林平之嗤笑一声,道:“当不得左掌门赞誉。”撤手放开了马鞭,瞥了左冷禅一眼,道:“左掌门是想将我和师姐擒下么?”左冷禅笑道:“想不到你年纪轻轻竟是如此警惕……是了,你既惨遭家变,自然比旁人多了几分戒心。”
林平之面色微沉,道:“左掌门是在讥讽在下么?”左冷禅见他屡屡转首望向岳灵珊离去的方向,笑道:“我那些弟子骑得都是大宛骏马,虽是要花些功夫,却绝不会追不上岳姑娘,林少侠你却是勿须多虑。”林平之沉默了一下,翻身下马,抬首望向左冷禅,冷冷道:“左掌门想要擒下我二人,是想逼迫岳掌门赞同你的五岳并派之举,还是看上了我林家的‘辟邪剑谱’?”
左冷禅抚须笑道:“既然林少侠如此快言快语,老夫便直说了——那并派之事倒也罢了,但你林家的辟邪剑法威力无匹,凡是练武之人,又有谁不欲一见?便是那人称‘君子剑’的岳师兄,若不是为了那辟邪剑谱,估计也是不会收你为徒的。”
林平之面色阵青阵白,沉默了半晌,方才叹道:“这一点我又何尝不知?说句实话,在下这年余在华山派实在是过得憋屈得紧……”顿了一顿,又道:“五岳剑派之中以嵩山派实力最强,便是比起少林武当来也不遑多让,其实我当年本想拜入左掌门门下,只可惜时不我与。若在下当真有幸能拜得名师,便是将辟邪剑法奉上作为拜师之礼,又有何妨了?”左冷禅哈哈大笑,道:“得林少侠这般厚赞,如何敢当?若林少侠真有此心,便是此时转拜我嵩山门下,却也是不妨的。”
林平之道:“左掌门此言可是当真?”左冷禅笑道:“那是自然。若林少侠不弃,左某便禀明嵩山上下,收你做内门弟子如何?”
林平之顿时面露狂喜之色,作势便要向左冷禅拜下。曲非烟见他目光闪烁不定,不由心中一动,忖道:“左冷禅不怀好心,他既知此举是与虎谋皮,为何还要拜入嵩山派门下?”还未及深想,却听见左冷禅狂喝了一声,一脚向伏在地上的林平之身上踢去。林平之却仿佛早有防备一般,一个翻滚便躲了开来。曲非烟抬首望去,却见左冷禅手捂左眼,面上一道鲜血涔涔流下,不由心中一惊。只听林平之冷笑道:“你是甚么东西,也敢图谋我家的剑法?你既想看辟邪剑法,我便让你亲自尝尝这剑法的滋味!”

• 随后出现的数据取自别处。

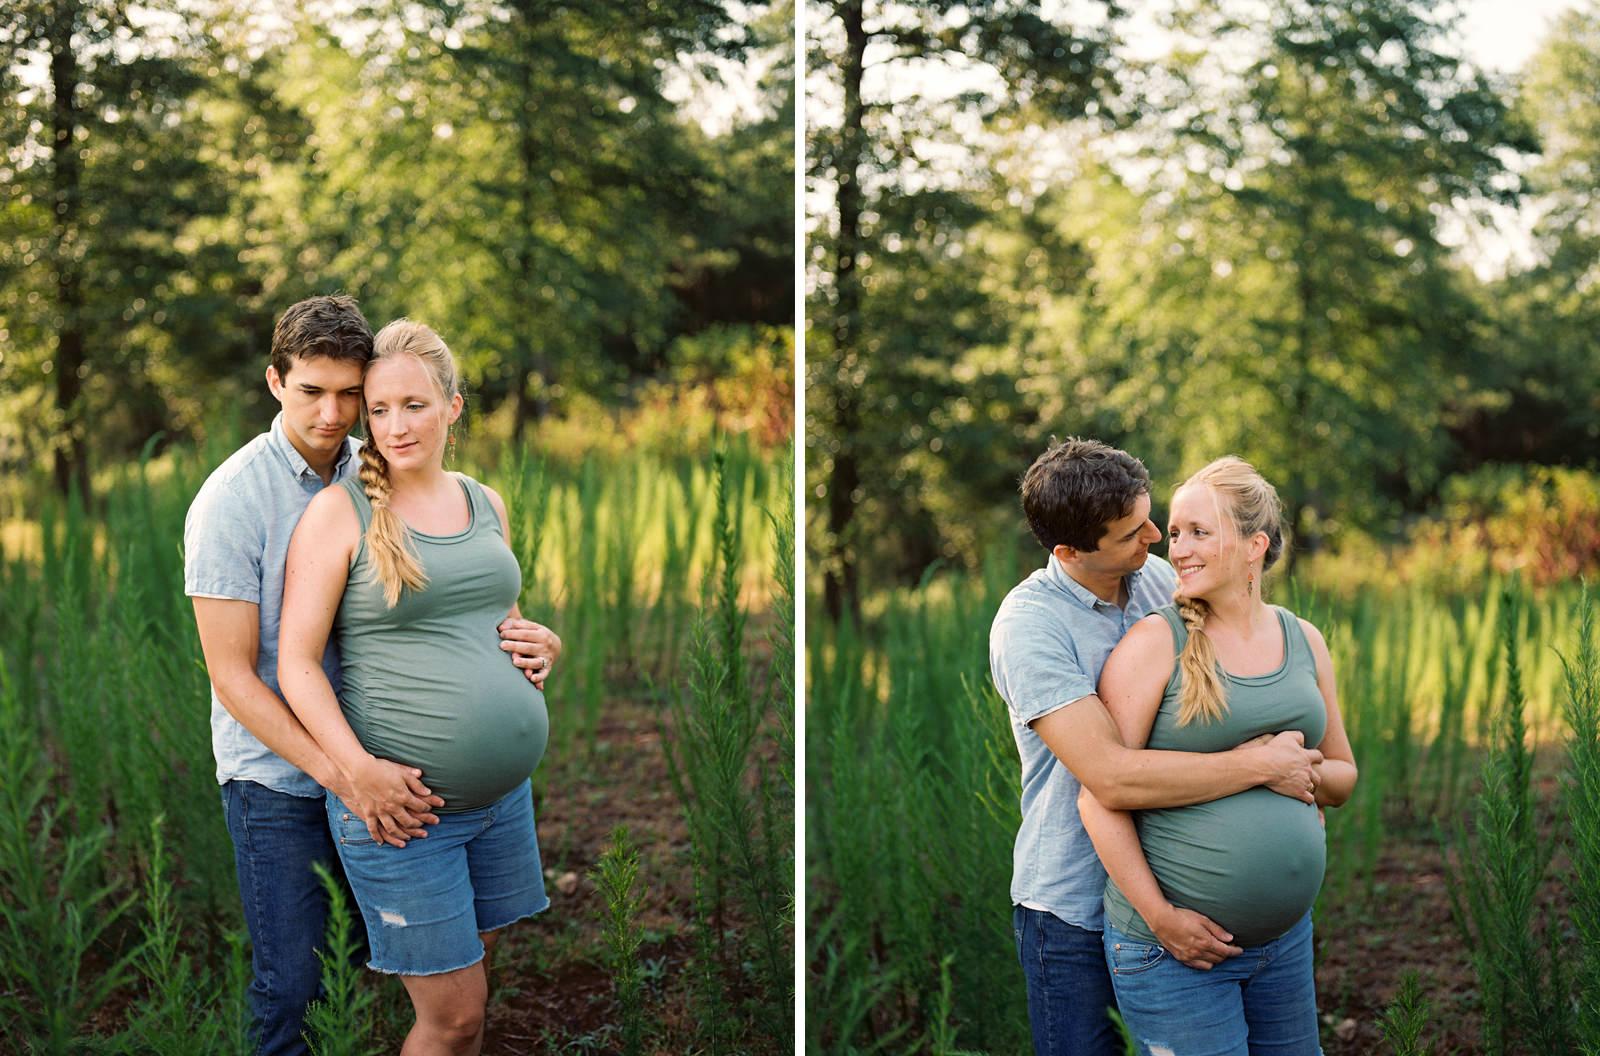 011-maternity-fine-art-film-lifestyle-photography.jpg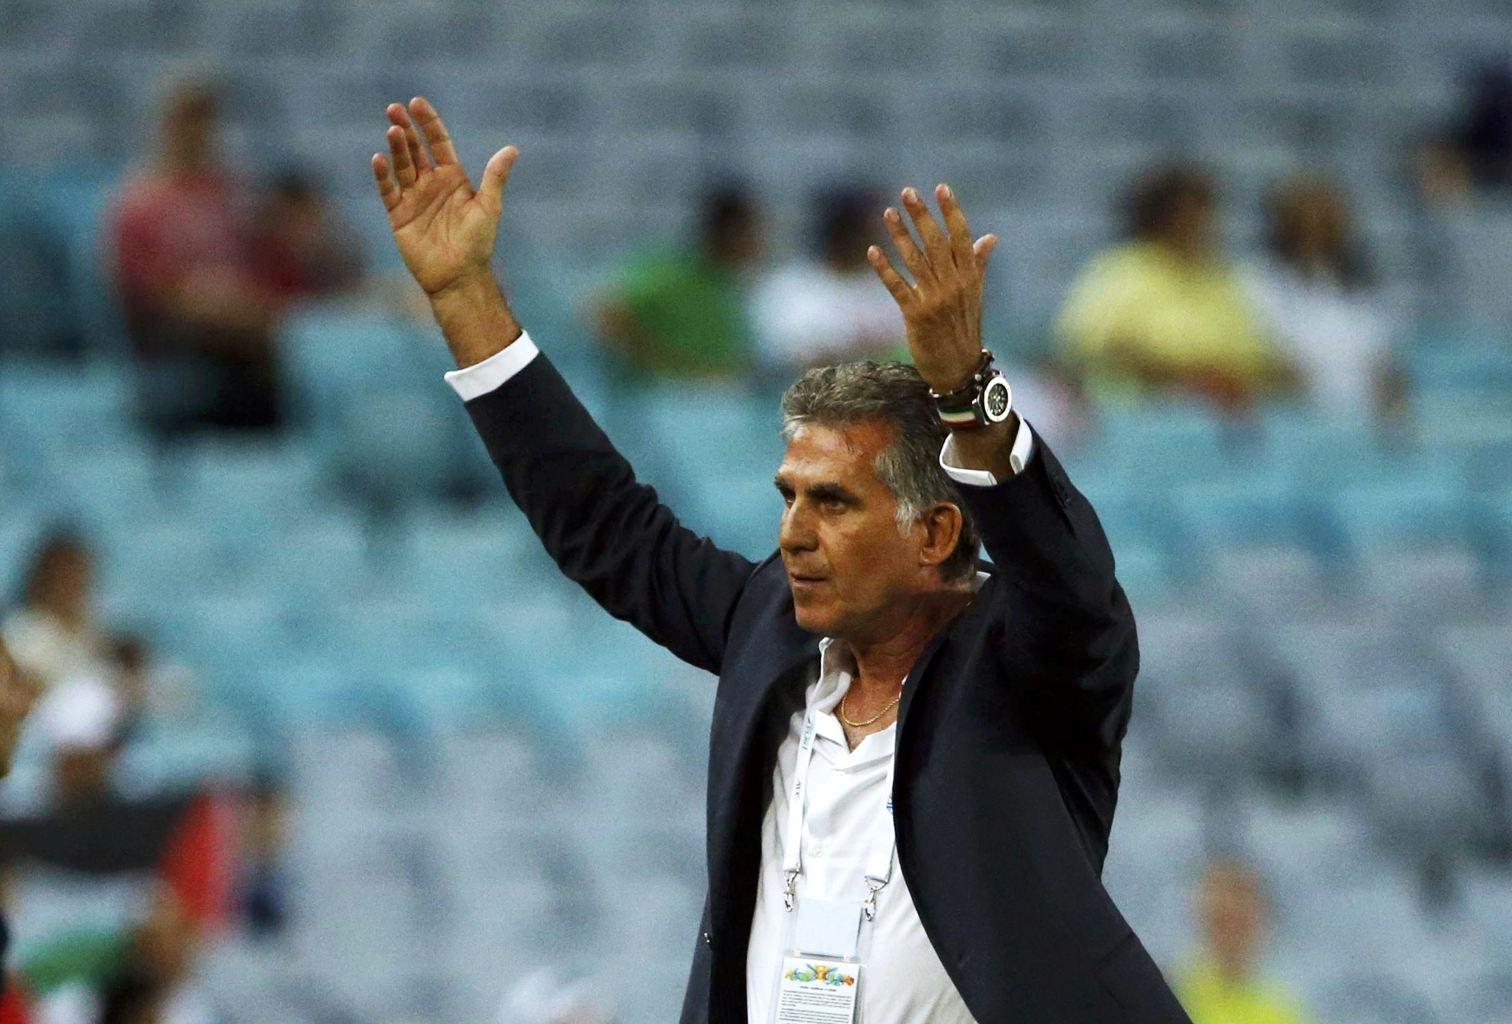 مقايسه محروميت كي روش درفوتبال پرتغال و يكه تازي او در ايران

左冷禅面上神色狰狞之极,森然道:“好,林平之,你好得紧。想不到我左冷禅今日竟在你这黄口小儿手下吃了大亏!未料你竟是已练成了辟邪剑法,我却是太过小看了你!”语声中满是怨毒之意。林平之哼了一声,道:“你自忖武功高强,又哪里将我这后学末进放在眼里?只可惜我武功不济,竟是未能将你双目一并刺瞎!”
曲非烟忖道:“原来林平之竟是用针刺瞎了左冷禅的左目。他竟也是用针做武器的么?怪不得师父说他的武功路数和葵花宝典极为相近。只可惜他用的是普通的铁针,若是使用黑血神针,这一下想必便可要了左冷禅的性命。”方想到此处,却忽然听见身后传来一声微响,曲非烟吃了一惊,右袖一翻便欲挥手击去,手腕却骤地被身后那人握住,耳边只听见一个熟悉的声音低声笑道:“莫怕,是我。”
曲非烟心中方才一定,转首瞪了东方不败一眼,轻声道:“你来便来了,又何必这般吓我?”东方不败微微一笑,伸手揽住了她,低笑道:“是为夫我错了,下次不敢啦!”曲非烟面上一赧,正欲说话,却又听见林平之笑道:“左掌门可有觉得哪里不妥么?我这针上可是淬了毒的。”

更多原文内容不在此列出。